So OSFI gets a lot of discretion in determining conversion – surprise, surprise! Since bond management firms are typically much larger than preferred share management firms (I believe there’s only one of these in Canada!), and since bond investors are typically much bigger than preferred share investors (aka, “retail scum”) I believe that in a crisis there will be frenzied and successful lobbying of OSFI personnel by their future employers to convert preferreds but to ‘just wait a bit’ before forcing sub-debt conversion.

Blair Keefe, David Seville and Thomas Yeo of Tory’s Law Firm recently wrote an article titled The Preferred Share Market Finally Re-Opens For Canadian Banks:

The market is still waiting for the first offering of NVCC subordinated debt. There are a few reasons why the banks have remained hesitant to tap that market. One reason relates to changes in capital ratios mandated by Basel III, which reduce the need for subordinated debt on a bank’s balance sheet. Prior to the introduction of Basel III, subordinated debt could account for almost one-third of the total capital of a bank. With the new minimum total capital requirement of 10.5%2 (including a countercyclical capital buffer of 2.5%) of risk-weighted assets and a 8.5% minimum for tier 1 capital, effectively the most that can be satisfied with subordinated debt is 2% of the bank’s risk-weighted assets. As well, under Basel III, most deductions from capital must be made from common share equity, whereas in the past, certain deductions could be made from total capital. Effective January 1, 2015, the leverage or asset-to-capital ratio in Canada will be based on tier 1 capital as opposed to total capital. This requirement is particularly important for smaller deposit-taking institutions because they tend to be limited by their asset-to-capital multiples. As a result, we expect that subordinated debt will be eliminated from the capital structure of many smaller institutions—and will form a significantly smaller portion of the capital structure of larger institutions than it has historically.

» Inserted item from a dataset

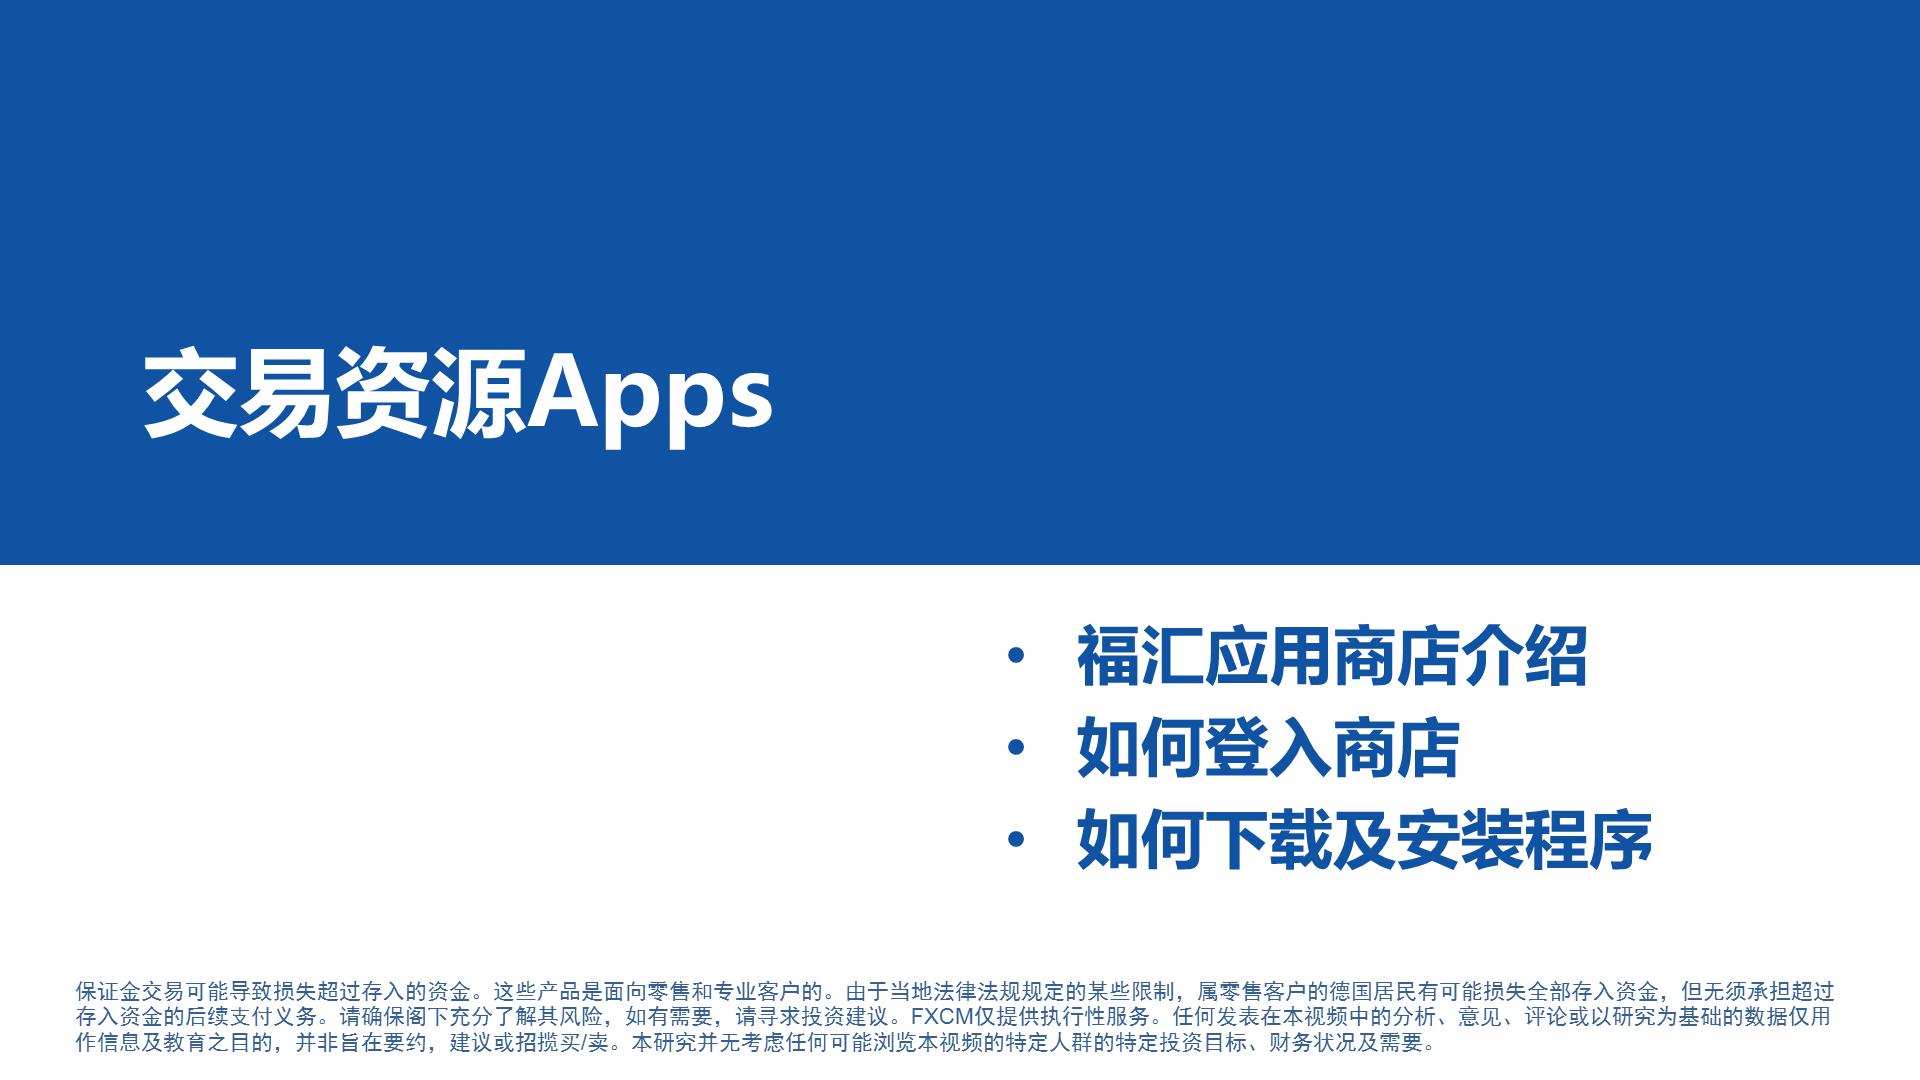 交易資源Apps
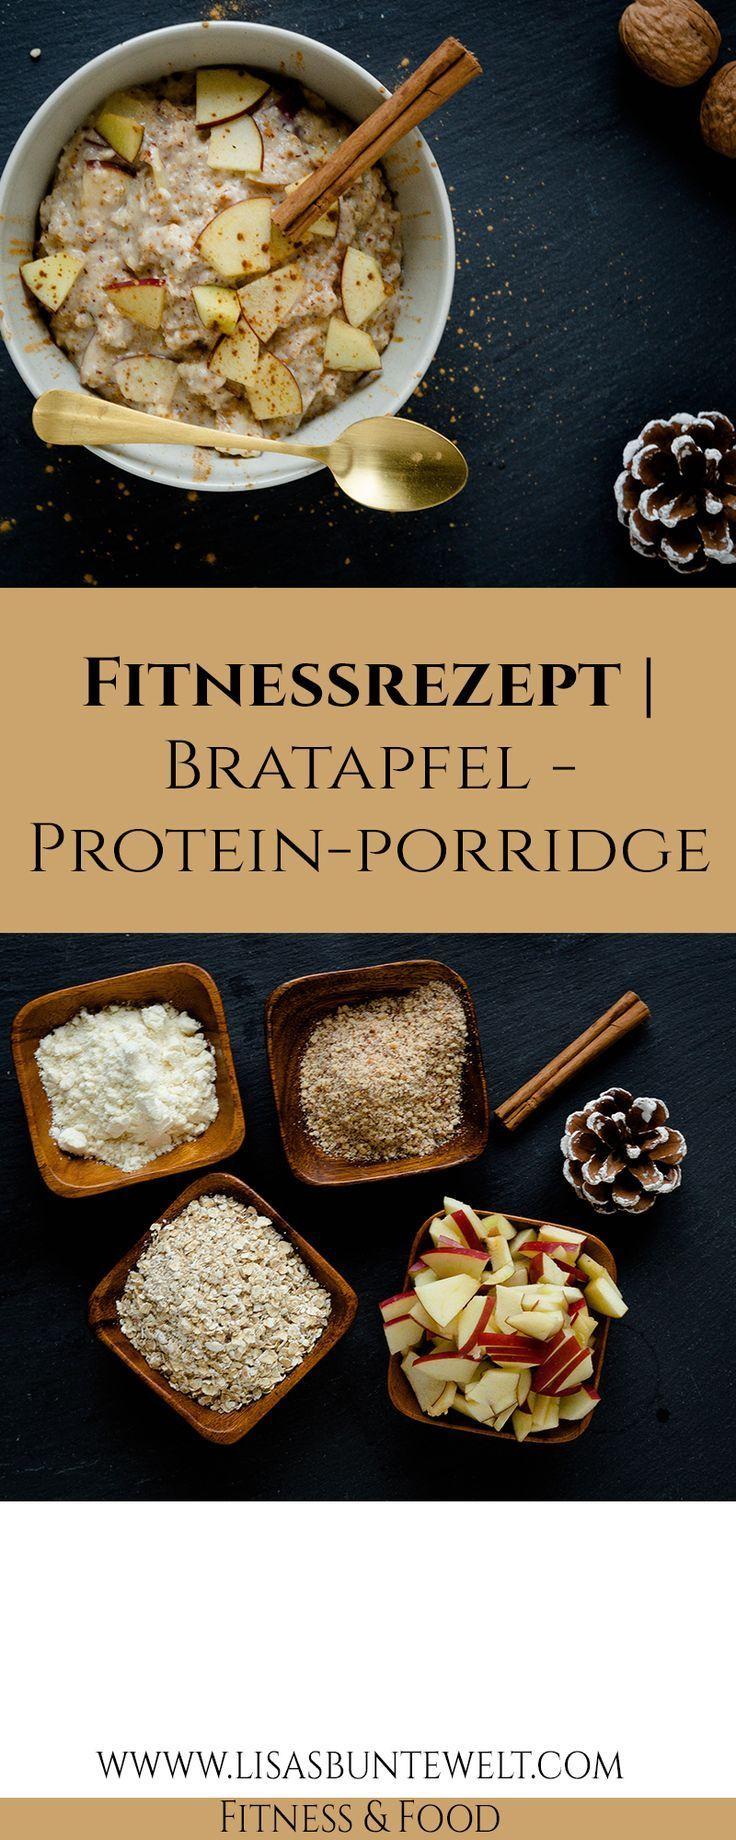 Fitness Rezept | Bratapfel-Protein-Porridge  #bratapfel #fitness #porridge #protein #rezept

Market uncertainty also remains over how the proposed “bail-in” debt regime will interact with NVCC instruments. In October 2011, the Financial Stability Board issued a paper providing that regulators should have the power to convert (or write off) all or part of the unsecured and uninsured creditor claims of a financial institution under resolution into equity or other ownership instruments. It was proposed that such a conversion would be done in a manner that respects the hierarchy of claims in liquidation. The 2013 Canadian federal government budget includes a proposed plan to implement a “bail-in” regime for systemically important banks3; Canadian banks and the market generally are still waiting for details as to how the federal government intends to implement this regime. The institutional investors that make up the vast majority of the market for subordinated debt are particularly concerned with how the bail-in regime will function and the effect of further dilution after NVCC instruments are converted, resulting in a “wait-and-see” approach to investor interest in NVCC subordinated debt offerings.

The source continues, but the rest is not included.